“Peter! Petro!” and “Yes it can be done!” Dozens of Colombians greeted their president Gustavo Petro in downtown Queens, New York on Sunday night. The president spoke of the migrants’ hard work, the nostalgia they feel for their country and promised not to let them down.
“The simple reality of violence, mobs everywhere, destruction of existence everywhere, was creating a diaspora that was visiting the entire planet, filling strange places with Colombian men and women,” Petro said from a podium on the steps of a municipal building in Queens. .
Girls and men and women in flowery costumes, some with Colombian flags, waited several hours for Petrona to arrive, listening to their country’s artists sing cumbia and bulerengue. Colombian sweets, ponchos and handicrafts were sold on the street.

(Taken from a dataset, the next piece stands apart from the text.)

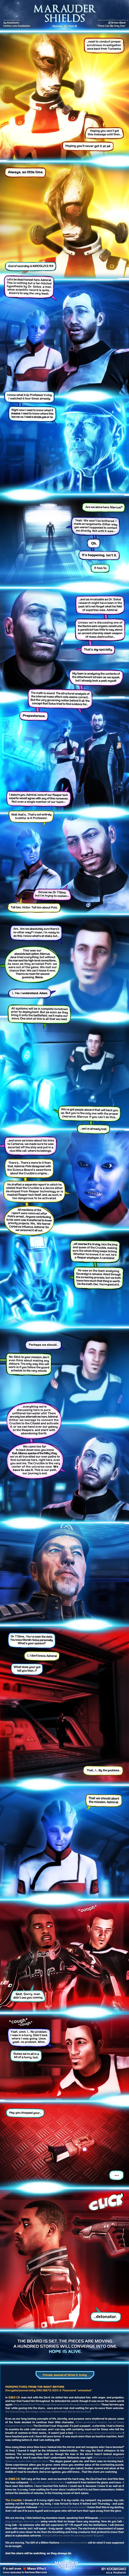 Marauder Shields 35: Plan B (Mass Effect) by koobismo

Petro, which is based in New York On the occasion of the United Nations General Assembly, introduced the crowd to Leonor Zalabata, the first indigenous woman to represent Colombia at the UN. He also introduced Luis Gilberto Murillo, Colombia’s ambassador to the United States, and who is black.
“How would they name a black man, they said back in Bogotá? How do you name an indigenous woman? They said there in Bogota. Well, here we named them, here is the representation of the Colombian people,” Petro said. “They’ll be ready from day one.”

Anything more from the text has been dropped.